PROBLEM: Below are entries. Reproduce exactly the lines between the line holding "258540 - El" and the line holding "Kennel V-neck knit", inclusive, and only those.

EXERCISE INPUTS:
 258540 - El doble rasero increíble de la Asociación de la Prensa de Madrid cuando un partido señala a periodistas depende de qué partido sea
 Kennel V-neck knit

---

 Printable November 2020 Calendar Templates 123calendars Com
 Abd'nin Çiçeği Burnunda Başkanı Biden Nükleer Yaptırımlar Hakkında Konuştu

...

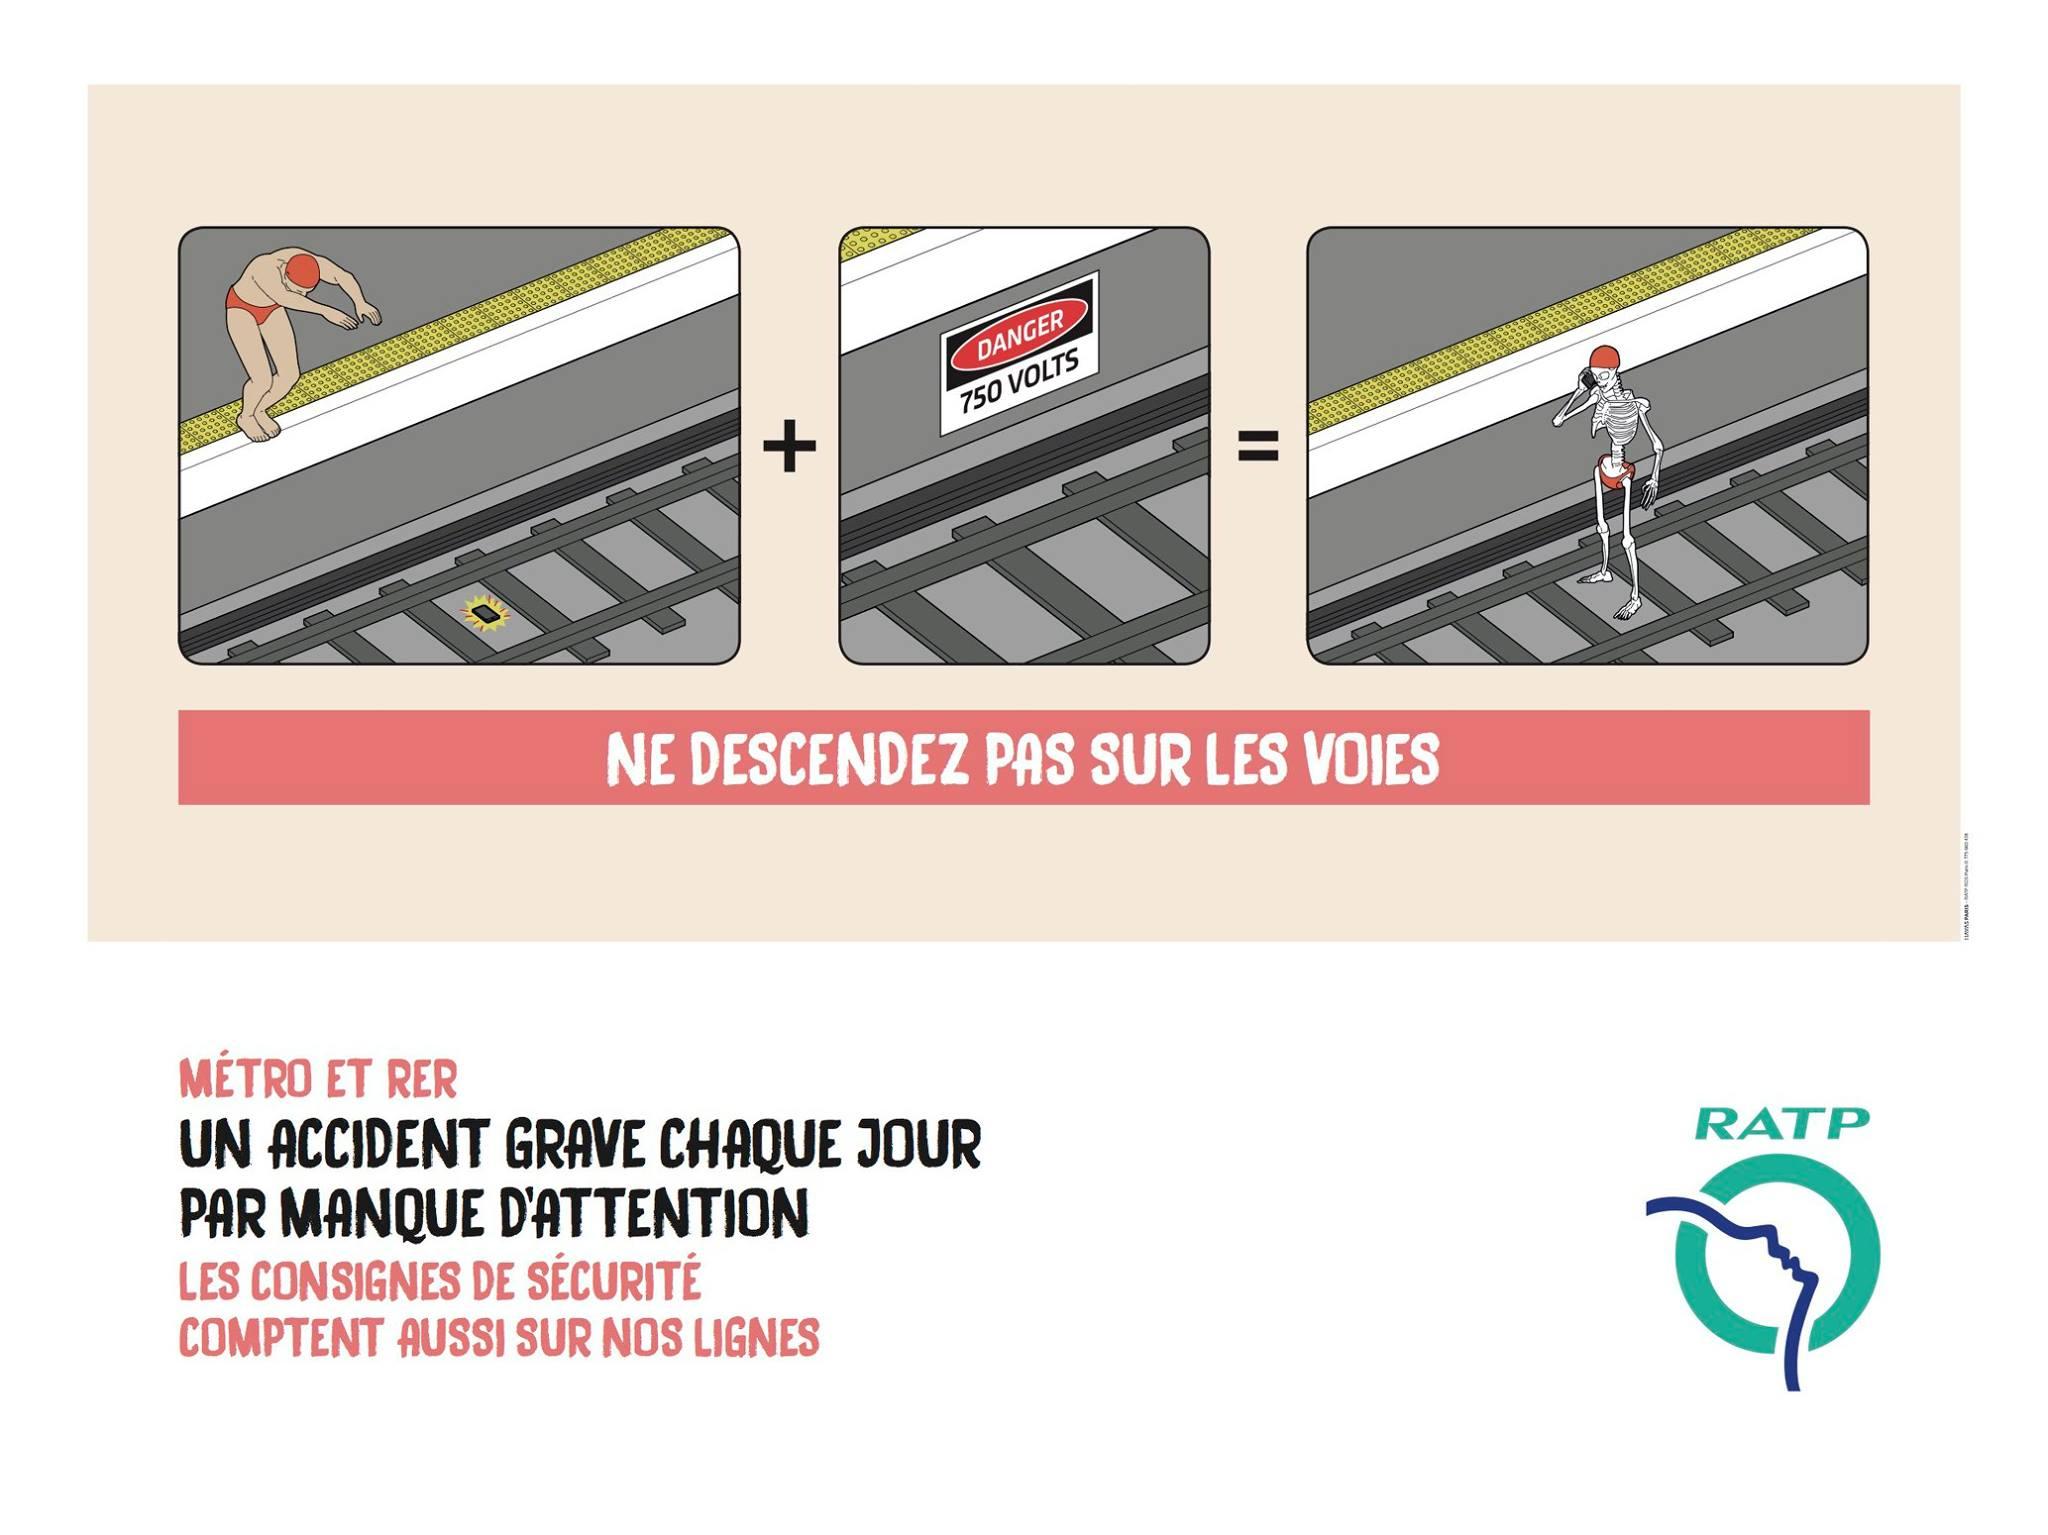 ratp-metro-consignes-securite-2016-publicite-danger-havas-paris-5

RESULT OF THIS TASK:
 258540 - El doble rasero increíble de la Asociación de la Prensa de Madrid cuando un partido señala a periodistas depende de qué partido sea
 Kennel V-neck knit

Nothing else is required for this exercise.